Letters from Congressmen and other leading figures opposing the OECD's harmful tax competition initiative continue to rain down on the heads of the Republican administration - last week in perhaps the most powerful blast yet, the President received a letter from 200 top economists including two Nobel laureates, Milton Friedman and Jim Buchanan:
May 31, 2001
The Honorable George W. Bush
President
The United States of America
1600 Pennsylvania Avenue, N.W.
Washington, DC 20500
Dear President Bush,
We, the undersigned economists, urge you to reject the Organization for Economic Cooperation and Development's so-called "harmful tax competition" initiative. According to the OECD, it is unfair for low-tax countries to attract jobs, capital and entrepreneurial talent away from high-tax countries. To stop this process, the Paris-based bureaucracy is threatening low-tax nations with financial protectionism unless they change their tax and privacy laws so that high-tax nations can more easily double-tax income that is saved and invested - even when that income is earned in other nations.

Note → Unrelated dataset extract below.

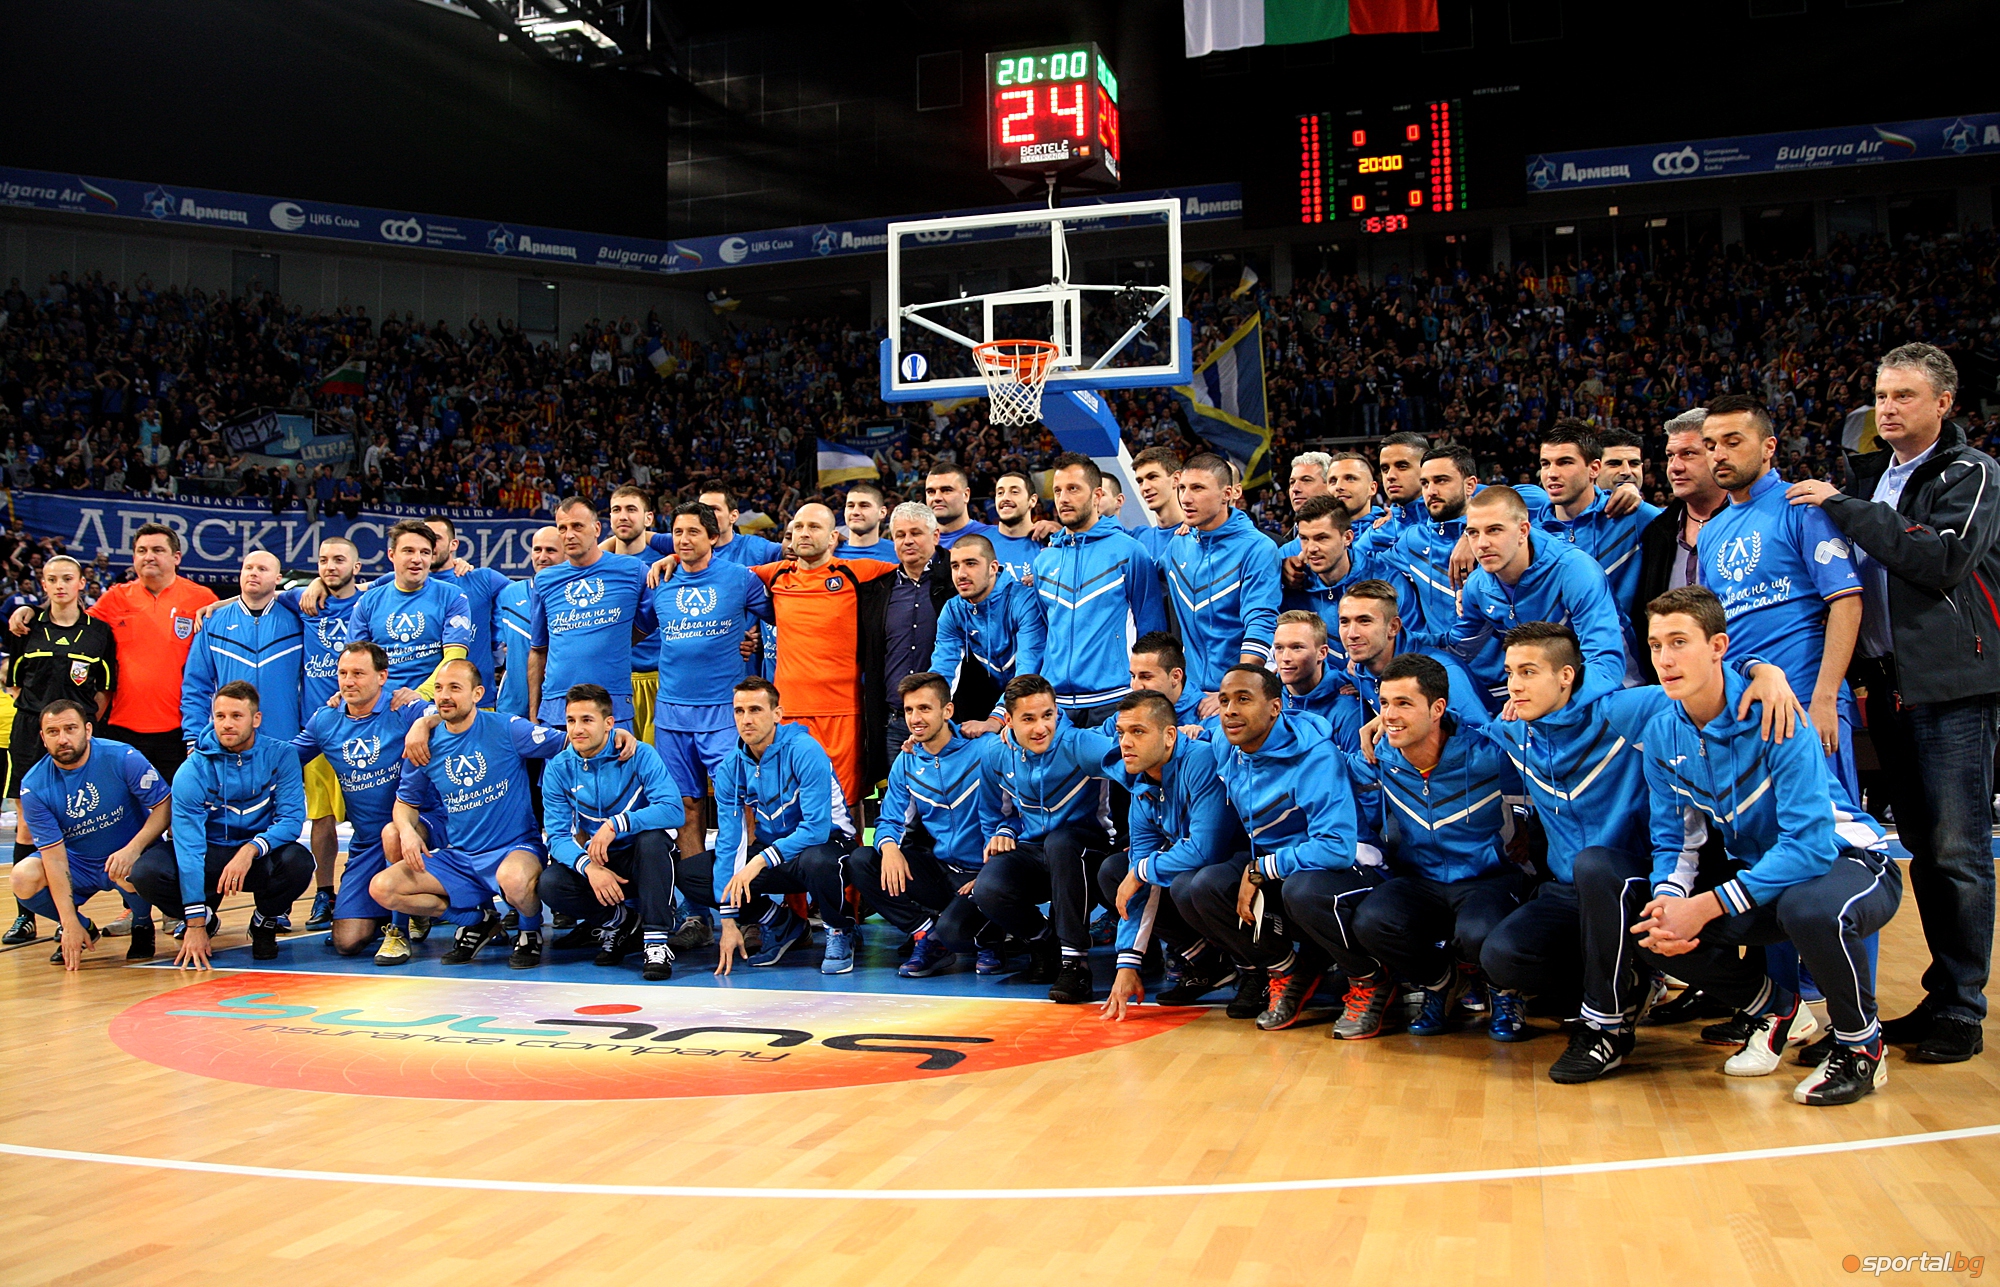 Футболисти и баскетболисти с историческо шоу в подкрепа на БК Левски - част II

This is a completely misguided initiative. Tax competition is a liberalizing force in the world economy, something that should be celebrated rather than persecuted. It forces governments to be more fiscally responsible lest they drive economic activity to lower-tax environments. Other reasons for our opposition include:
The OECD seeks to create a tax cartel - Consumers benefit and the economy
is more efficient when gas stations, banks, pet stores, and car companies
compete. The same thing is true for government. Competition promotes efficiency
and encourages lawmakers to rationalize public finance.
The OECD is threatening global commerce - Protectionism is a bad idea,
and it is a really bad idea when the goal is to interfere with international
capital flows. The OECD effort is akin to a high-tax state like California
trying to block investment dollars from flowing to a low-tax state like
Nevada.
The OECD proposal will boost the underground economy - Instead of propping
up uncompetitive tax systems, criminalizing tax competition will simply
drive taxpayers into the informal economy. A low tax burden, by contrast,
will reduce incentives to hide, shelter, and under-report income.
The OECD is defending bad tax policy - In order to minimize tax-induced
distortions, the tax code should neither subsidize nor penalize different
activities. Yet the OECD initiative is driven by a desire to help high-tax
nations double-tax income that is saved and invested.
The OECD will hurt growth in less-developed nations - Penalizing countries
for adopting market-friendly tax systems will hinder economic reform and
reduce growth rates in the developing world. This may even cause more
crime since opportunities for honest employment will shrink.
Mr. President, we ask again that you stop the OECD's ill-conceived project.
As the world's largest economy and single largest contributor to the OECD's
budget, the United States has the ability to pull the plug on this unwise
proposal.
Sincerely,
Milton Friedman,
Nobel Laureate, Hoover Institute
Jim Buchanan,
Nobel Laureate, George Mason University
198 other economists also signed the letter.